At 2:55 AM ET (0755 GMT), the Dollar Index, which tracks the greenback against a basket of six other currencies, was up just 0.04% at 92.775.

EUR/USD fell 0.02% to 1.1812, USD/JPY rose 0.1% to 105.39, while the risk sensitive AUD/USD rose 0.2% to 0.7295.

It's Veterans Day in the U.S., and the Treasury market is closed, limiting activity in the foreign exchange markets severely.

“The U.S. data calendar is light today and it looks as though FX markets want to consolidate after some big moves (especially in emerging markets), but favour DXY drifting to the 92.00/92.15 range lows,” said analysts at ING, in a research note.

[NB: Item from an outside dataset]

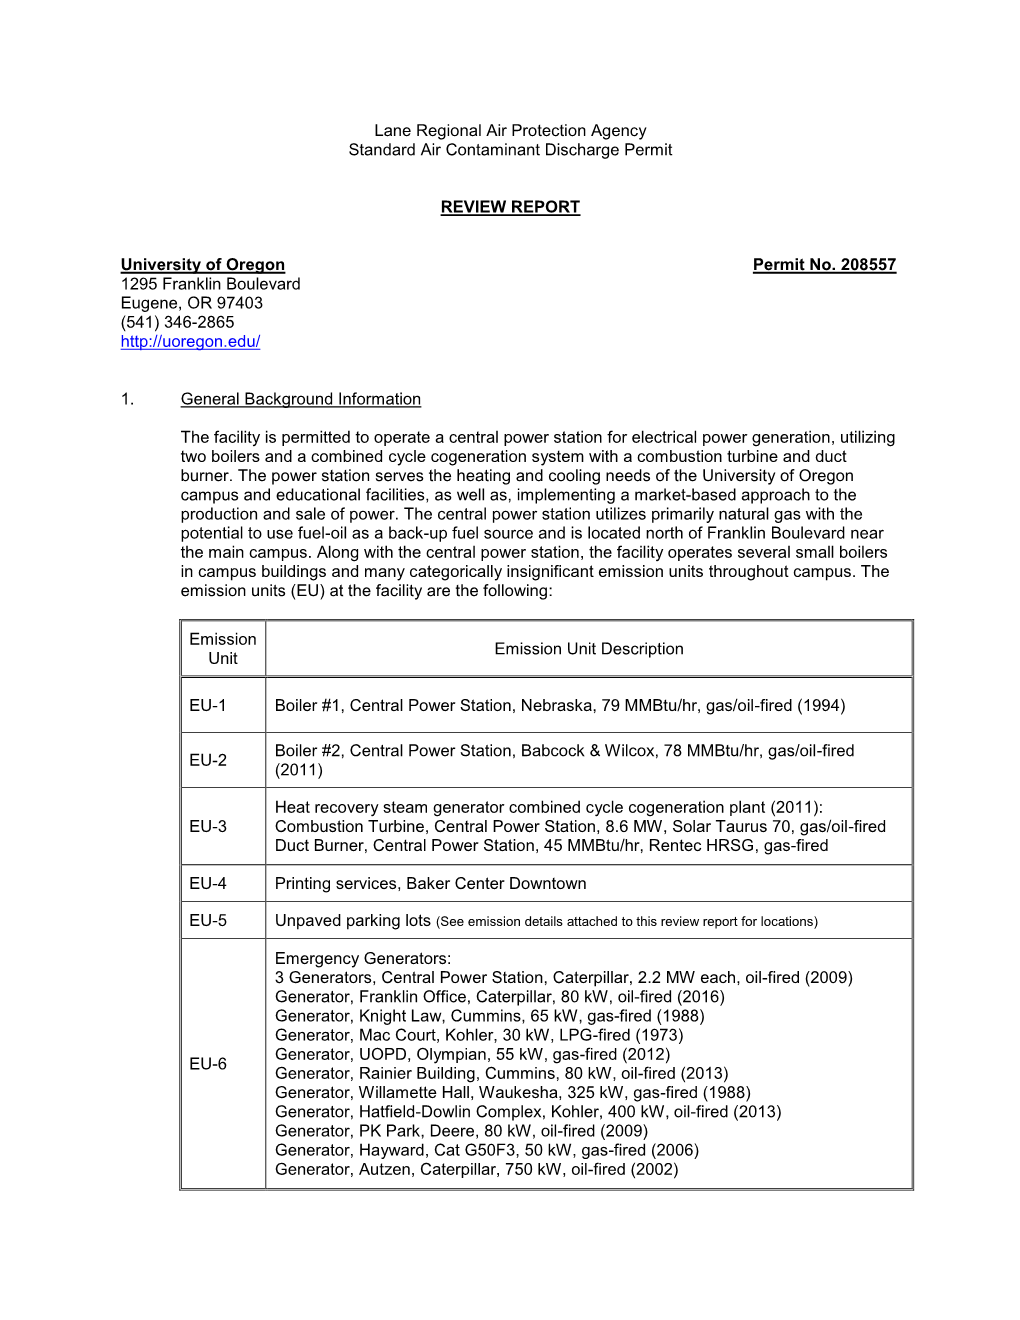 Lane Regional Air Protection Agency Standard Air Contaminant Discharge Permit
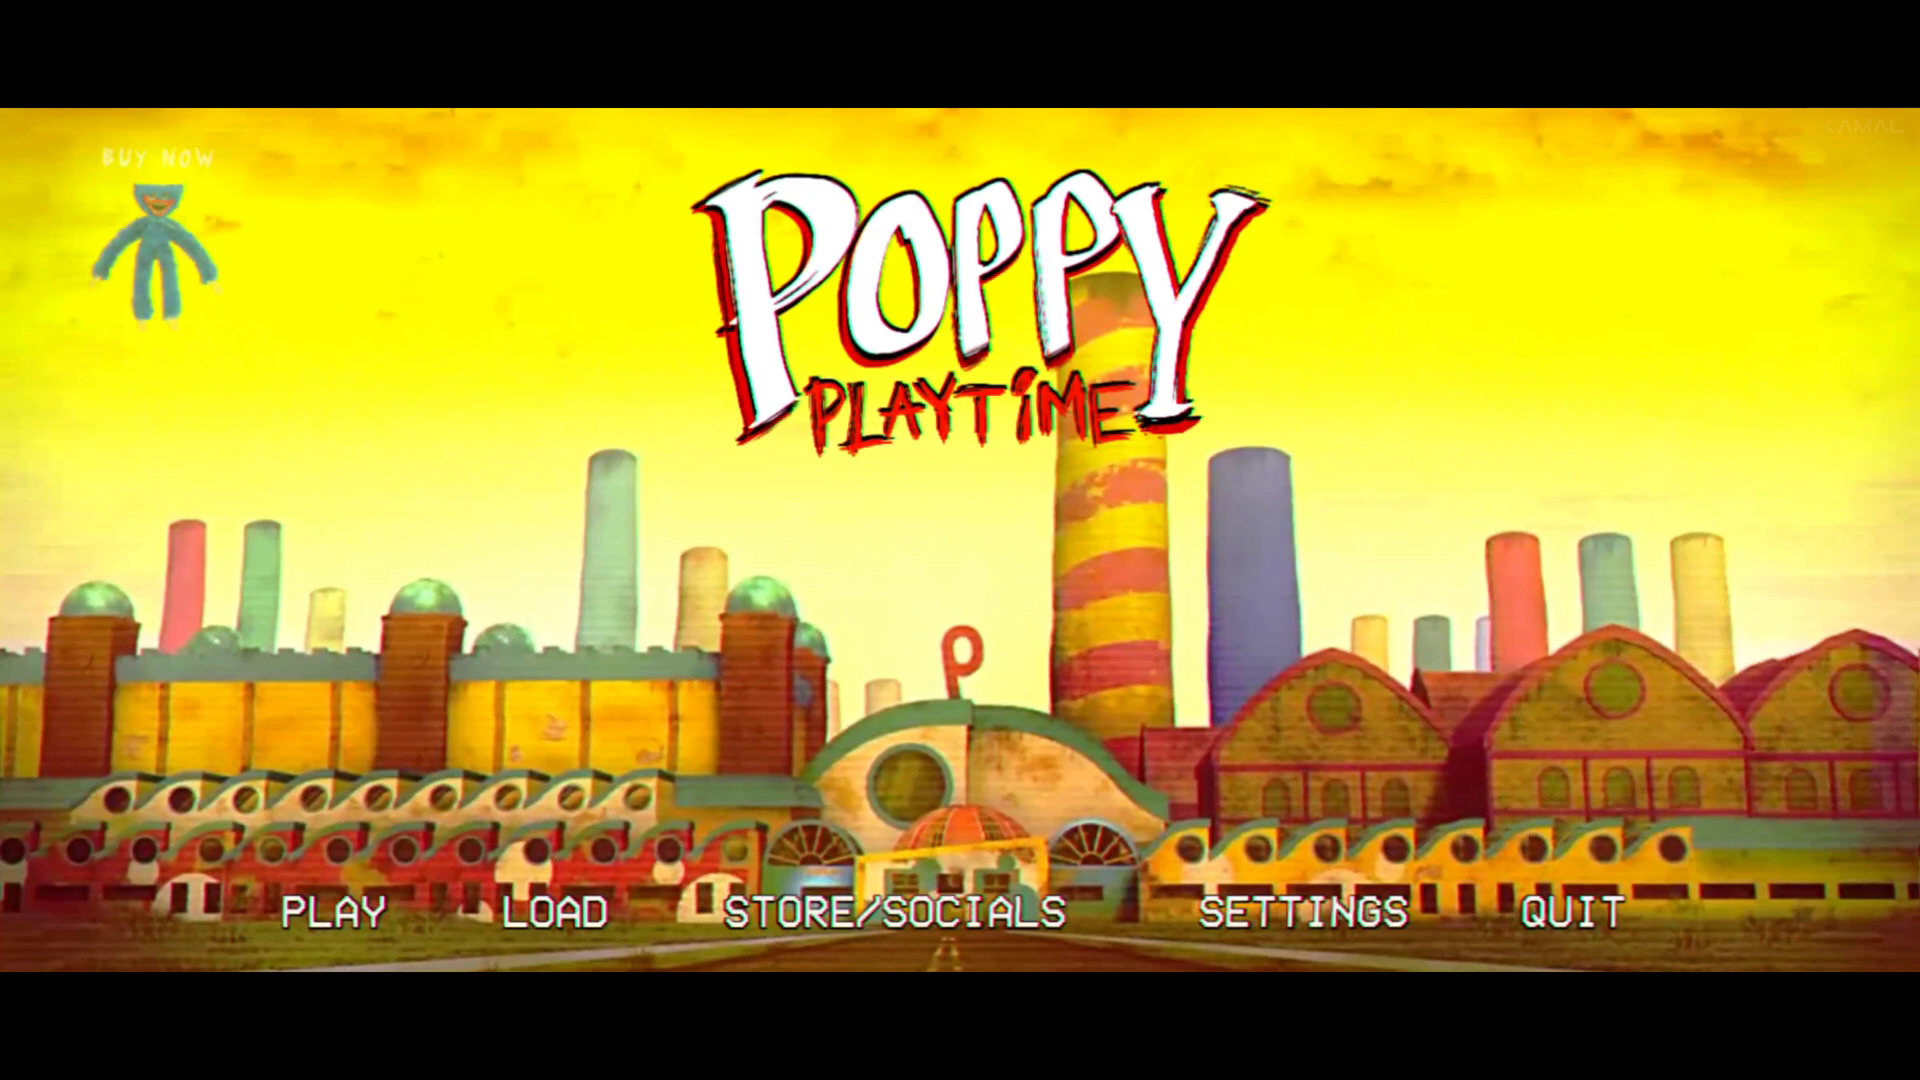 poppy playtime chapter 2 is now out on IOS & Android. : r/PoppyPlaytime

The news from Pfizer (NYSE:PFE), and its partner BioNTech, that data from their phase III trial suggests their vaccine is “90% effective in preventing Covid-19” prompted a rush into riskier currencies on Monday, but this momentum is starting to fade because there are still several obstacles to clear before a vaccine can be distributed.

Some focus Wednesday may be on the European Central Bank's annual two-day forum, an occasion that has previously been used to signal changes in monetary policy.

That is unlikely this year as the ECB has already signaled new monetary policy measures for December, but traders will be listening to President Christine Lagarde’s views about the European economic outlook and stimulus prospects.

“Today should also see some welcome progress of the EU Recovery fund in Brussels, which can drag EUR/USD back to the 1.1920 area,” ING added.

Elsewhere, GBP/USD traded at $1.3274, close to a two-month high due to growing optimism that Britain and the European Union will agree a long-sought-after trade deal.

This view was helped by the news that the House of Lords has rejected the government’s controversial Internal Markets bill, which would breach the Withdrawal Agreement that is governing the post-Brexit transition and undermine the basis for a free trade agreement after the transition.

Additionally, NZD/USD rose 0.9% to 0.6887, climbing to its strongest level in more than a year as traders scaled back bets that the central bank would move to negative interest rates.

New Zealand’s central bank instead agreed to begin a new Funding for Lending Program in December, offering cheap loans to lenders to further reduce borrowing costs and stimulate the economy as it recovers from the coronavirus pandemic.

The central bank reiterated it is prepared to use additional tools such as negative rates if required, but the country’s successful containment of Covid-19 has buoyed confidence that this measure won’t be needed.